Wireless technologies are experiencing a true boom in development today. This is mainly due to the solid entry into our lives of smartphones, tablets and mobile computers, which, among other things, can serve as universal control panels for automated process control systems, provided that there is constant access to the Internet, regardless of whether the terminal moves in space. Moreover, in various industries, agriculture, in the military sphere, there is a need to organize reliable systems for managing distributed objects and their integration into a global network. Similar trends are observed all over the world and lead to the inevitable development of wireless communication technologies.

APCS systems, which are often distributed, are currently characterized by a trend of modernization, provided that the main means of production (lines, machines and mechanisms) remain unchanged. The quality of production is changing in a short time due to the modernization of automated process control systems, including the use of wireless technologies, which save money and time compared to the deployment of wired networks.

This article discusses, and in part compares, various products from wireless communication hardware manufacturers covering applications such as industrial process control systems and building management systems (BMS) control systems.

The types of wireless networks that are applicable in these areas are as follows:

Personal wireless networks.
Wireless sensor networks.
Small local wireless networks.
Large local wireless networks.

In our review, we do not consider hardware and software for the organization global networks and networks using the services of telecommunications providers (GSM, GPRS, EDGE, 3G, WiMAX, etc.)

Choice of technology for different systems

First, we will briefly dwell on the principles of choosing wireless hardware for the organization of industrial control systems.

Today, the main problem for a user who decides to apply wireless solutions is the choice of the appropriate technology. There are many types of wireless communications and, like wired networks, different systems have different requirements.

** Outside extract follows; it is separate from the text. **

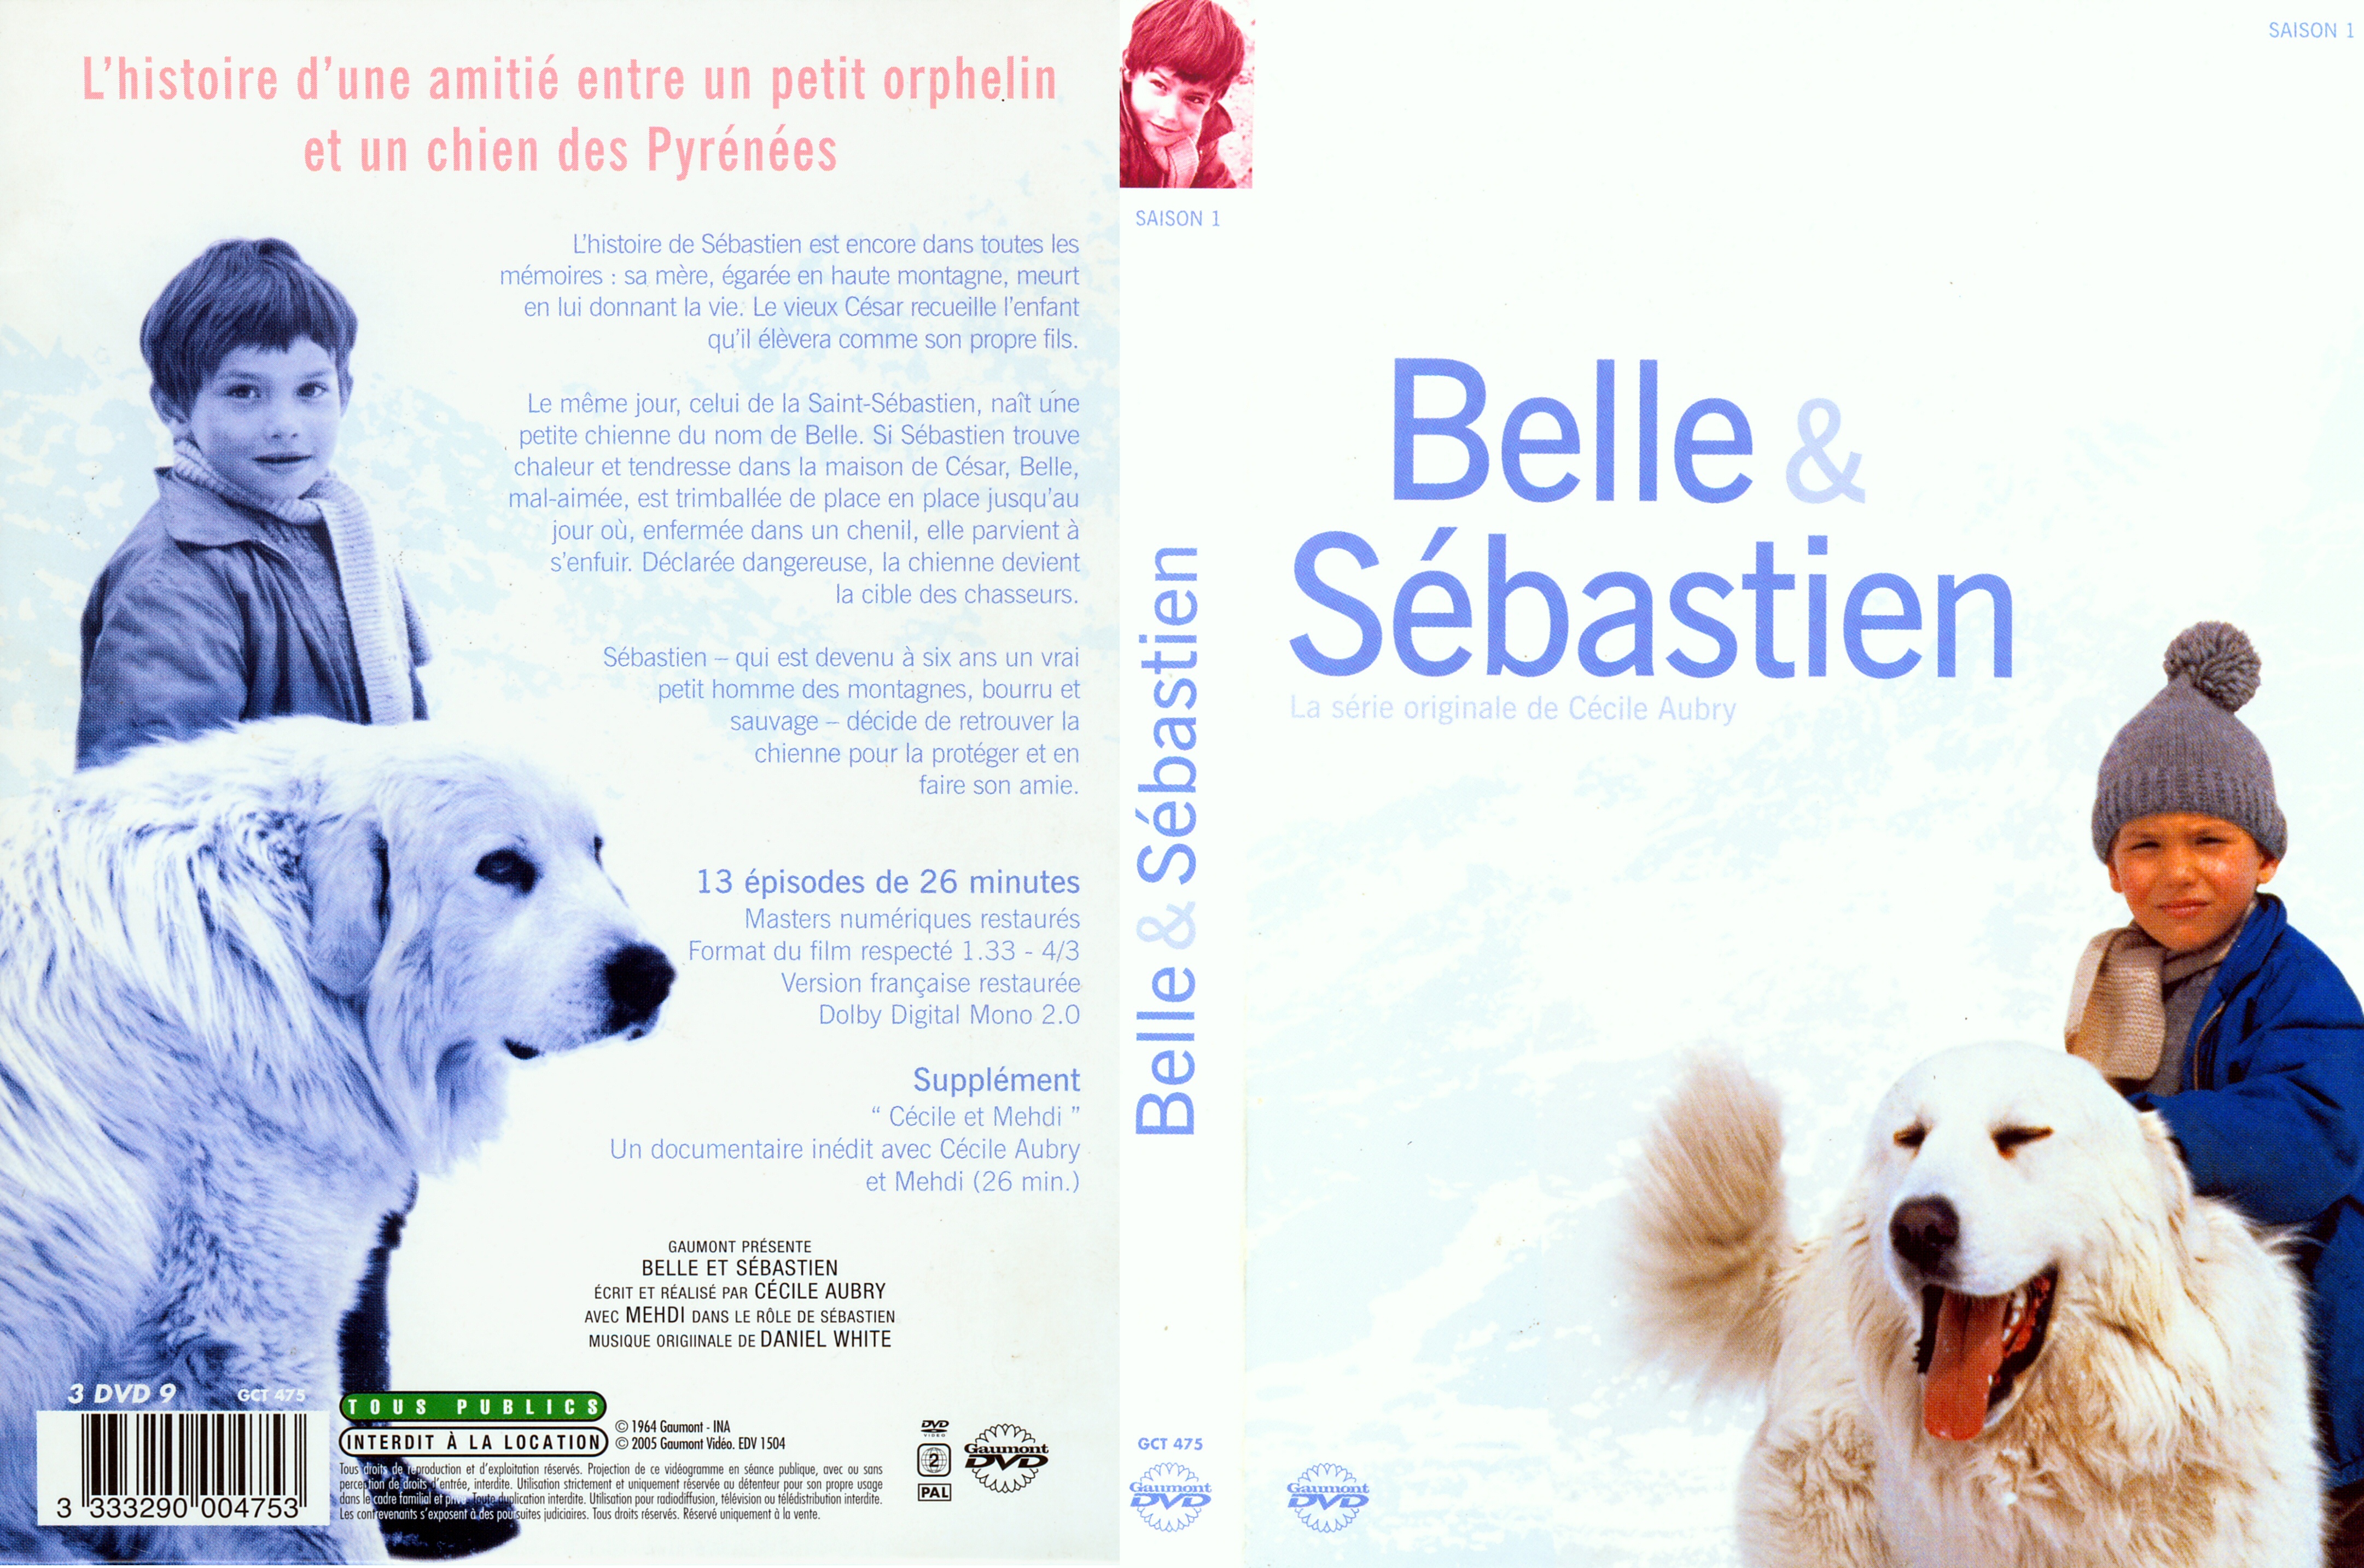 Jaquette DVD Belle et Sebastien saison 1 COFFRET

The choice of technology should be guided by the following factors:

Data volume: Some consumers need to collect megabits of data per second, others need only turn individual devices on and off several times a day.
Response time: when a device is part of a circuit, receiving a command at a given moment is an essential criterion. The required reaction time can be several microseconds.
Reliability of the response: will the message be received with certainty and, if not, what is the probability of detecting errors? Here, when choosing a technology important role interference is playing.
Communication distance: are the network nodes located in a large area or concentrated in one place? The distance can be from a few meters for moving parts of the mechanism to several kilometers for pumping stations of the distribution network. The covered distance determines the power consumption and often determines whether license-free communication technology can be used.
Number of nodes: Whether communication is required between only two nodes, or many nodes are involved, which will require the use of a more advanced communication structure (Scatternet topology).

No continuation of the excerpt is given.